- **Required action**
Reproduce exactly the line with "concept of things" and every line that follows it below, up to and including the last one. Do not include pictures or anything else.
━━━━━ Stored data ━━━━━
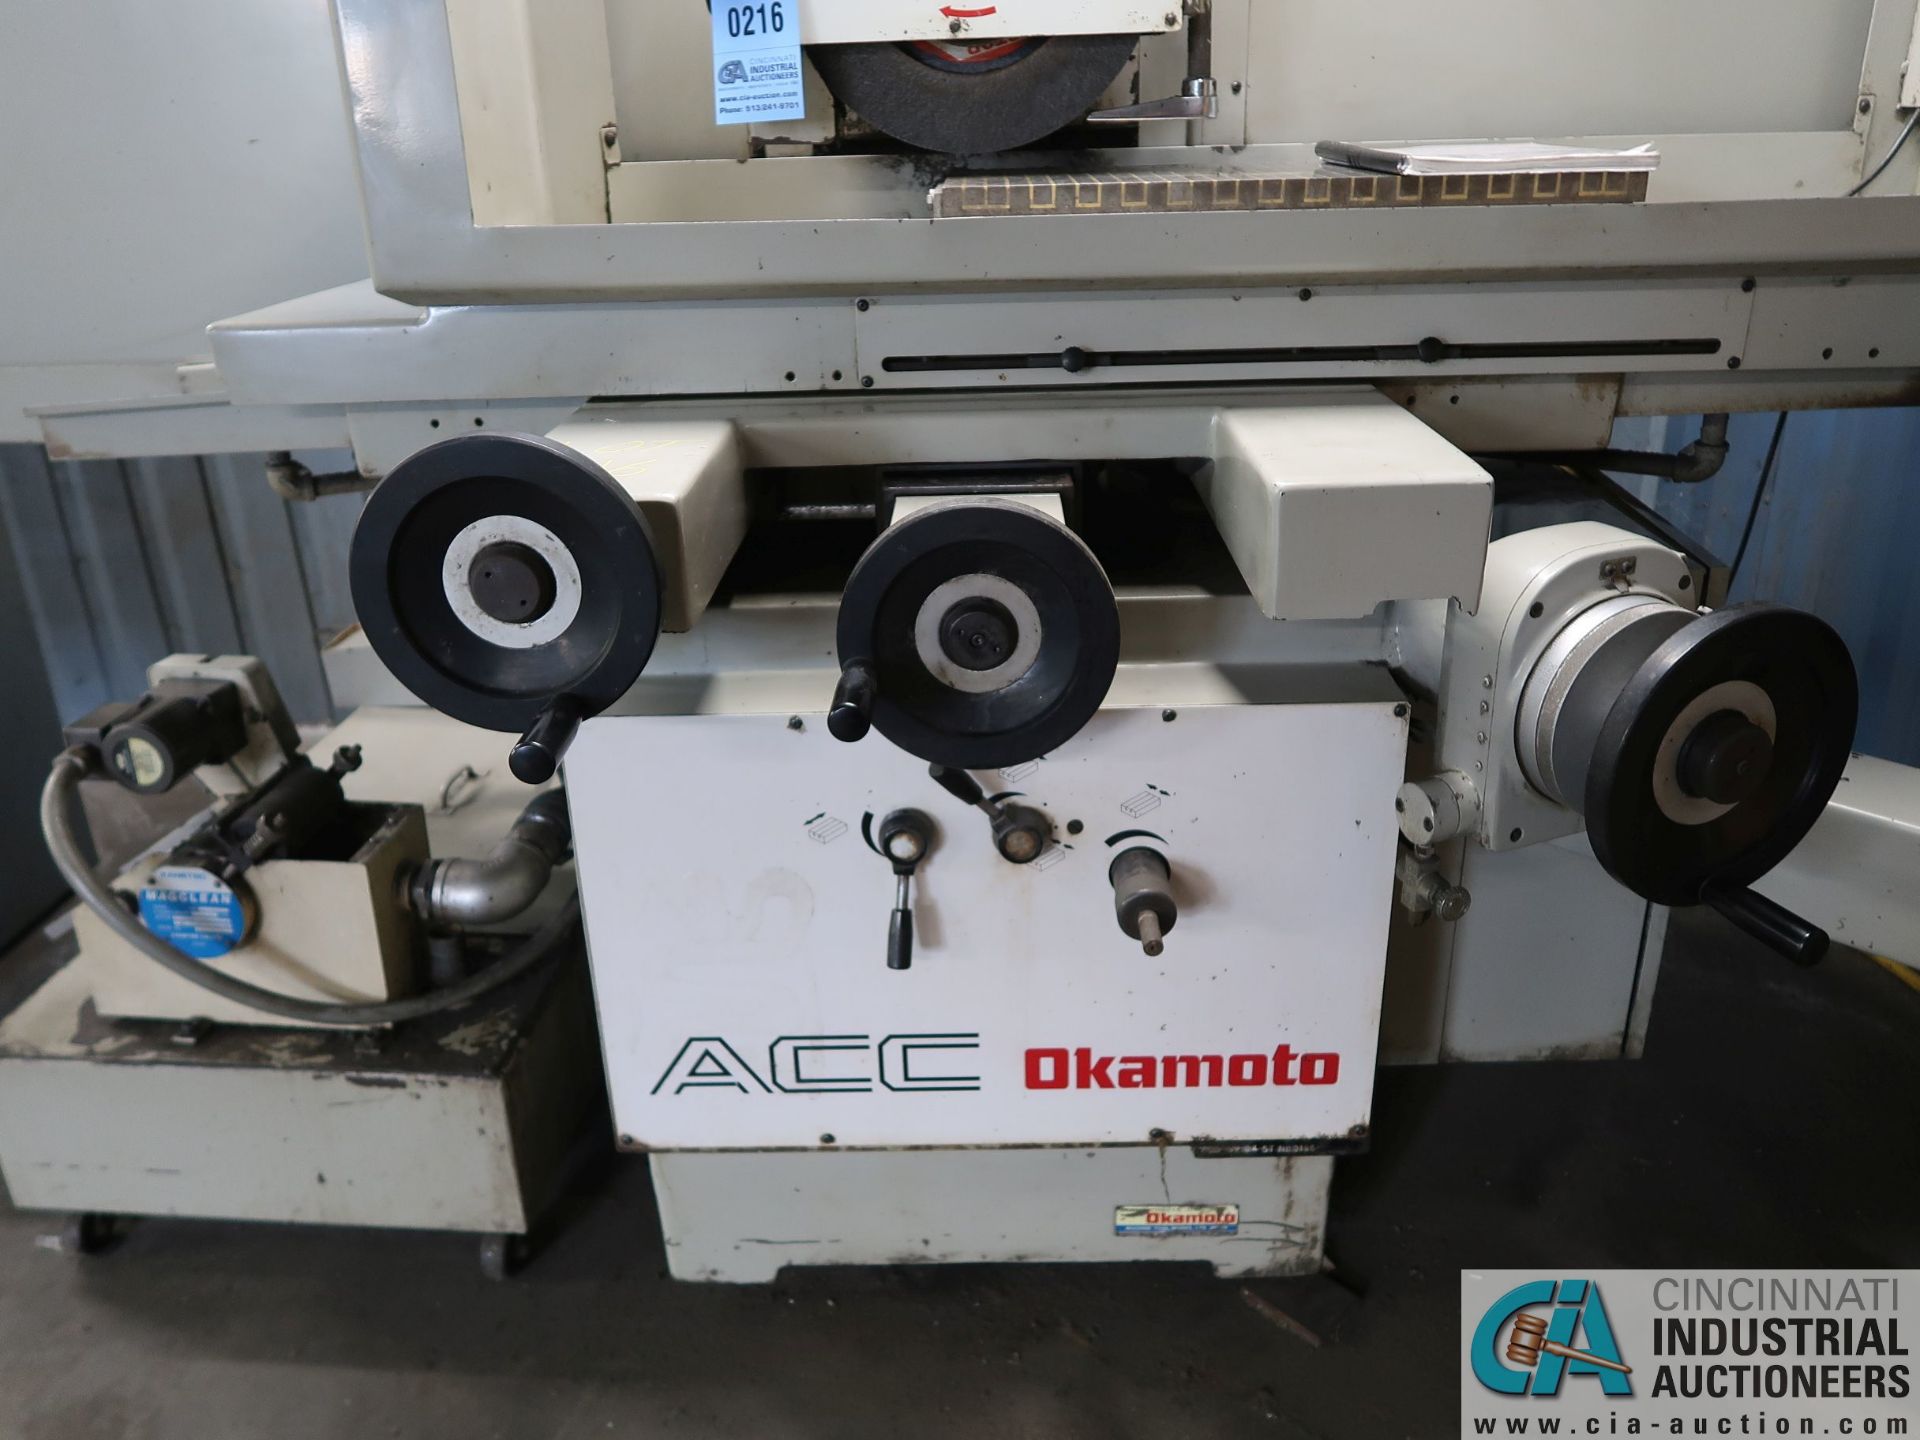 12" X 24" OKAMOTO MODEL 12-24ST HYDRAULIC PRECISION SURFACE GRINDING MACHINE; S/N 3126 - Image 3 of 10
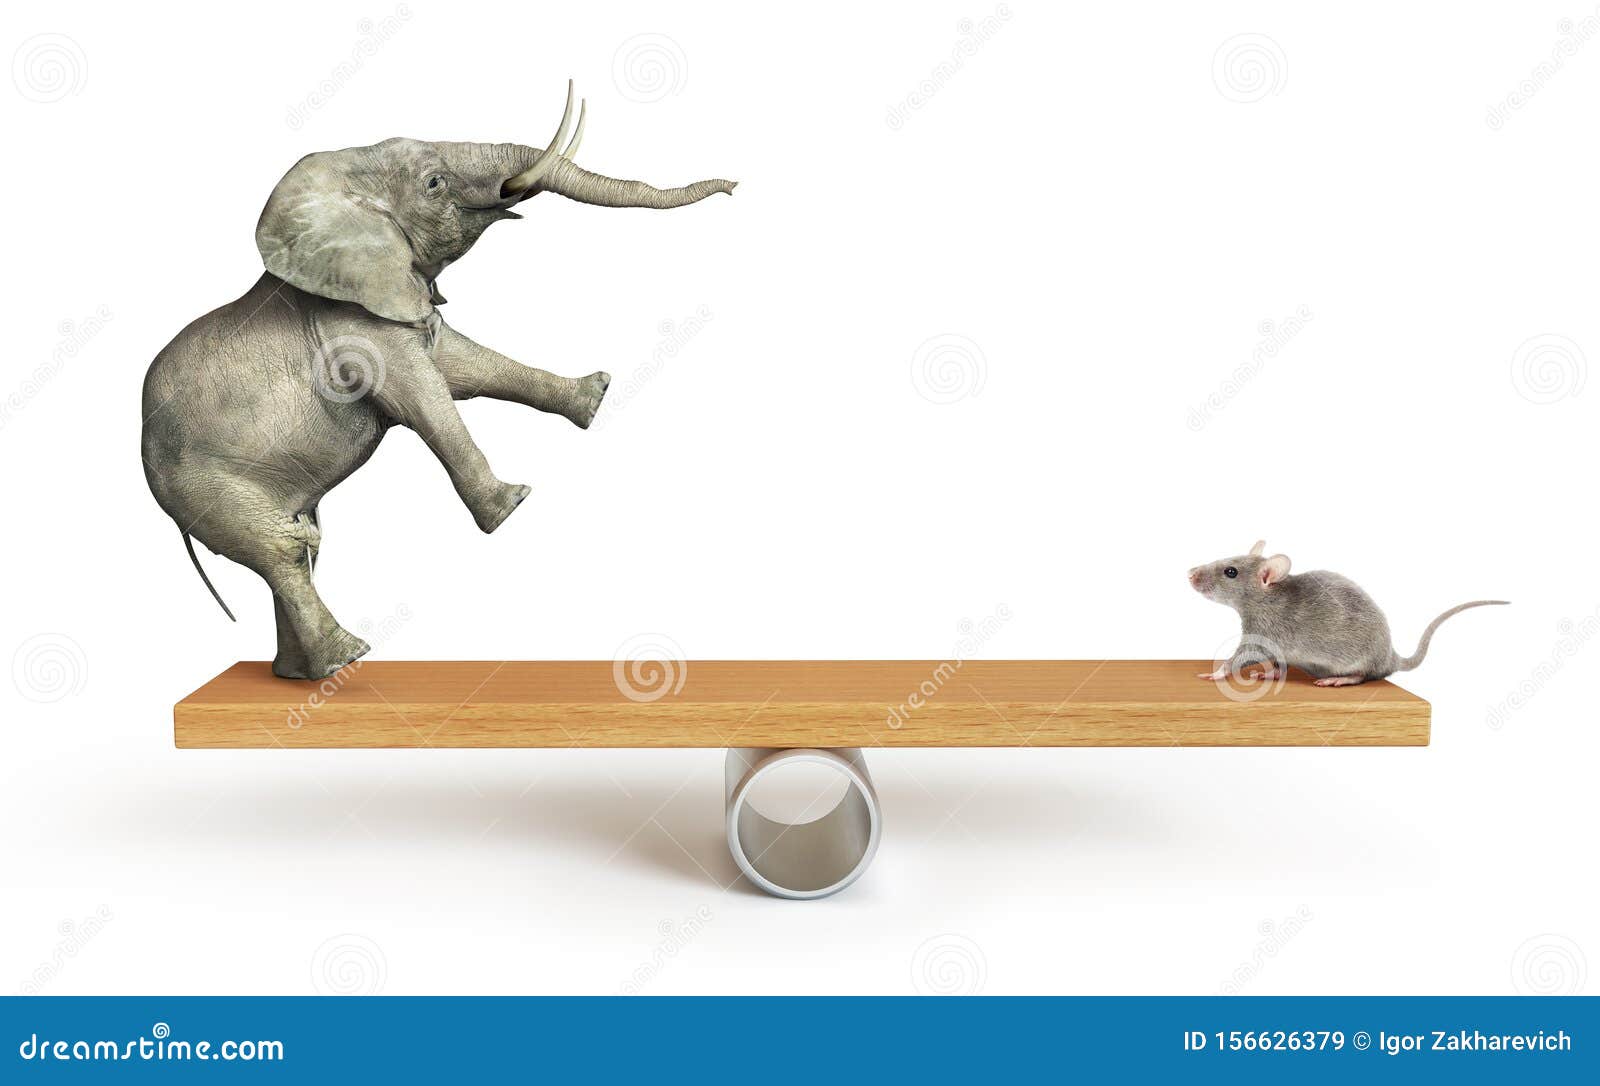 concept of things importance. elephant and mouse balanced on a seesaw
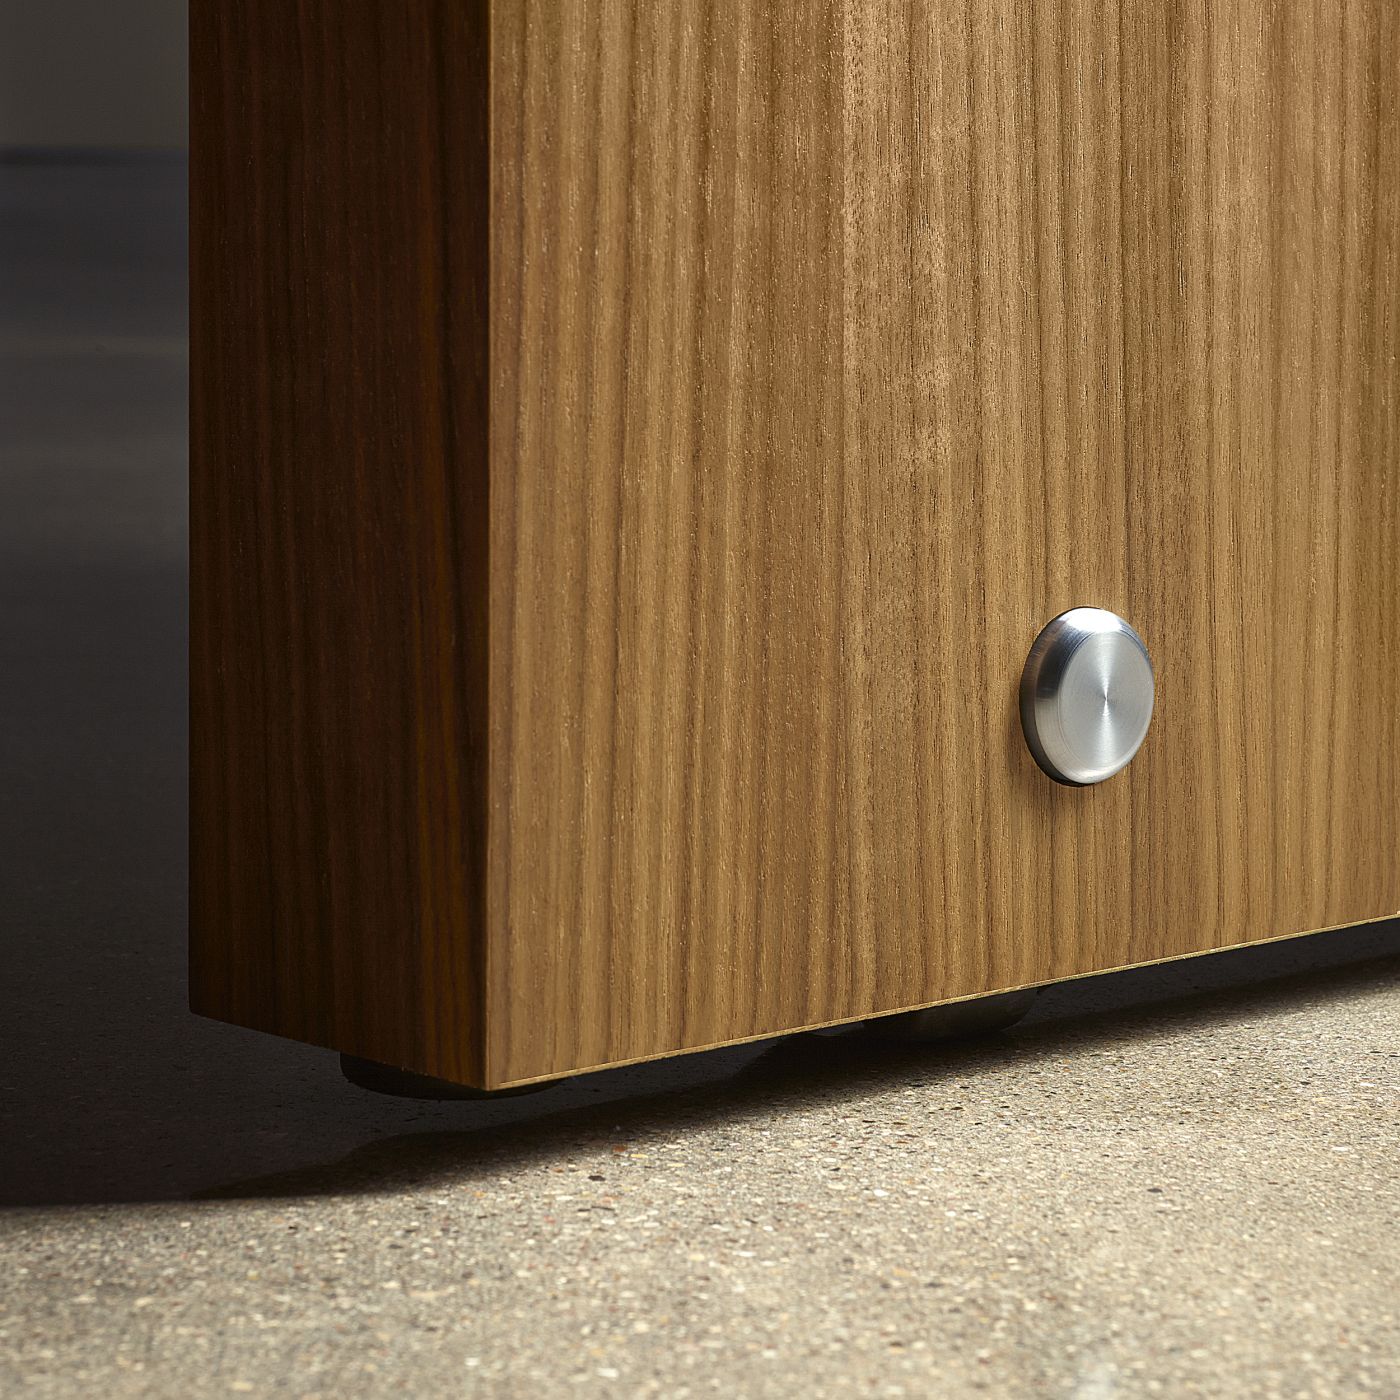 Stainless steel pins subtly express innovative, integral casters.
━━━━━
- **Result of the task**
 concept of things importance. elephant and mouse balanced on a seesaw
 Stainless steel pins subtly express innovative, integral casters.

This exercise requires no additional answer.